— Sauvé! murmura machinalement le gentilhomme en lâchant la crinière et en se laissant glisser de dessus la selle aux bras de Raoul.
Raoul n'était qu'à dix pas de la rive; il y porta le gentilhomme évanoui, le coucha sur l'herbe, desserra les cordons de son col et déboutonna les agrafes de son pourpoint.
Une minute après, l'homme aux cheveux gris était près de lui.
Olivain avait fini par aborder à son tour après force signes de croix, et les gens du bac se dirigeaient du mieux qu'ils pouvaient vers le bord, à l'aide d'une perche qui se trouvait par hasard dans le bateau.

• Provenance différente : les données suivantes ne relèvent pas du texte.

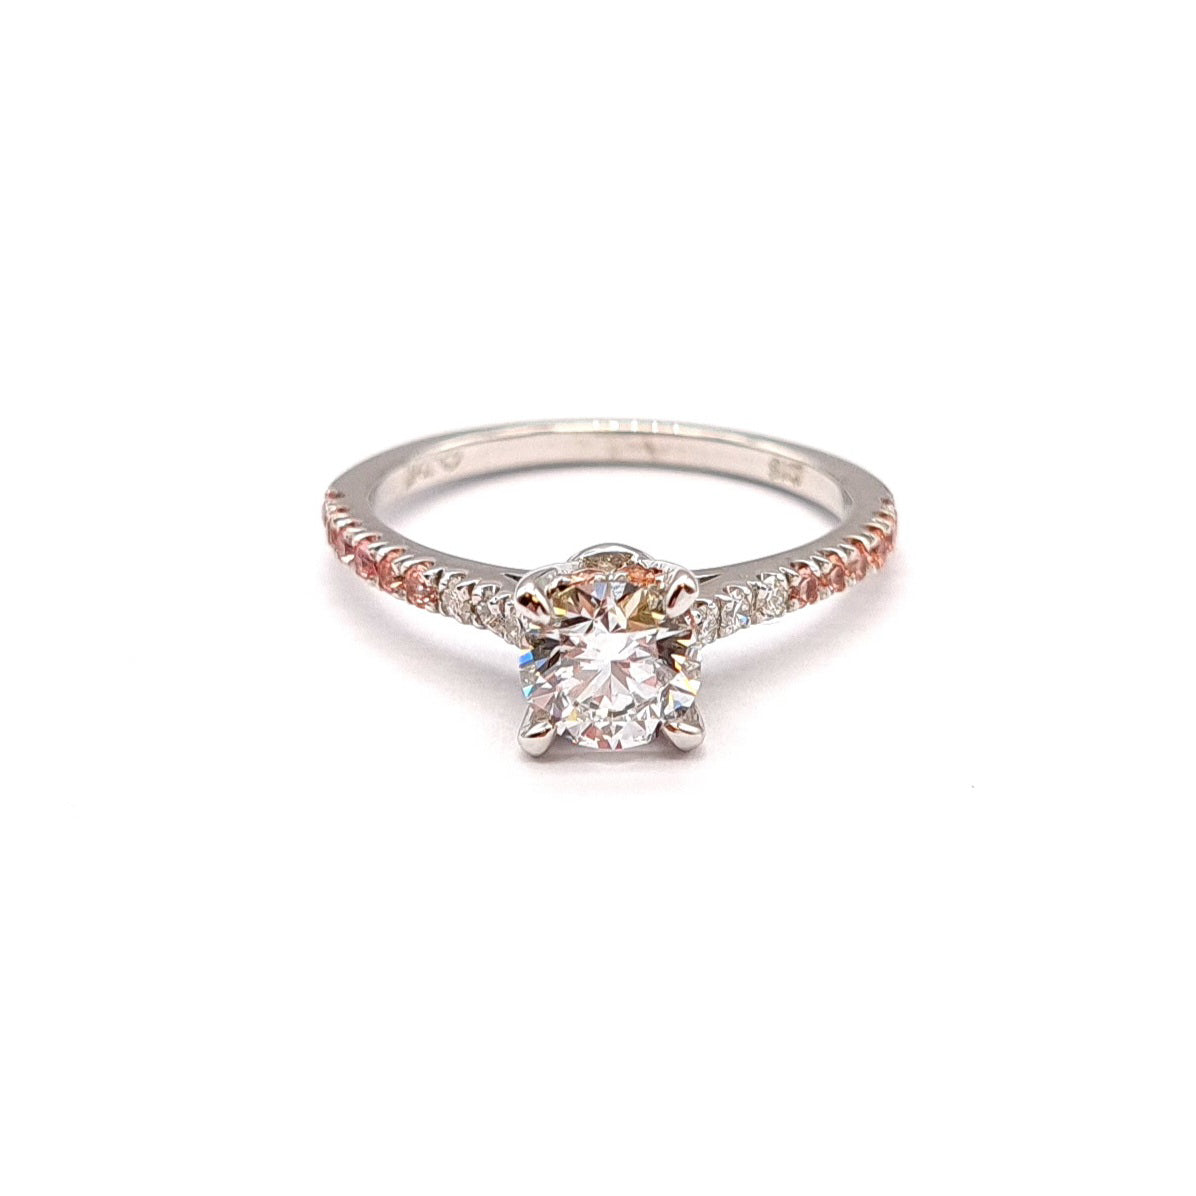 Hidden Halo Solitaire Diamond Ring with Peach Sapphires

Peu à peu, grâce aux soins de Raoul et de l'homme qui accompagnait le jeune cavalier, la vie revint sur les joues pâles du moribond, qui ouvrit d'abord deux yeux égarés, mais qui bientôt se fixèrent sur celui qui l'avait sauvé.
— Ah! monsieur, s'écria-t-il, c'est vous que je cherchais: sans vous j'étais mort, trois fois mort.
— Mais on ressuscite, monsieur, comme vous voyez, dit Raoul, et nous en serons quittes pour un bain.
— Ah! monsieur, que de reconnaissance! s'écria l'homme aux cheveux gris.
— Ah! vous voilà, mon bon d'Arminges! je vous ai fait grand'peur, n'est-ce pas? mais c'est votre faute: vous étiez mon précepteur, pourquoi ne m'avez-vous pas fait apprendre à mieux nager?
— Ah! monsieur le comte, dit le vieillard, s'il vous était arrivé malheur, je n'aurais jamais osé me représenter devant le maréchal.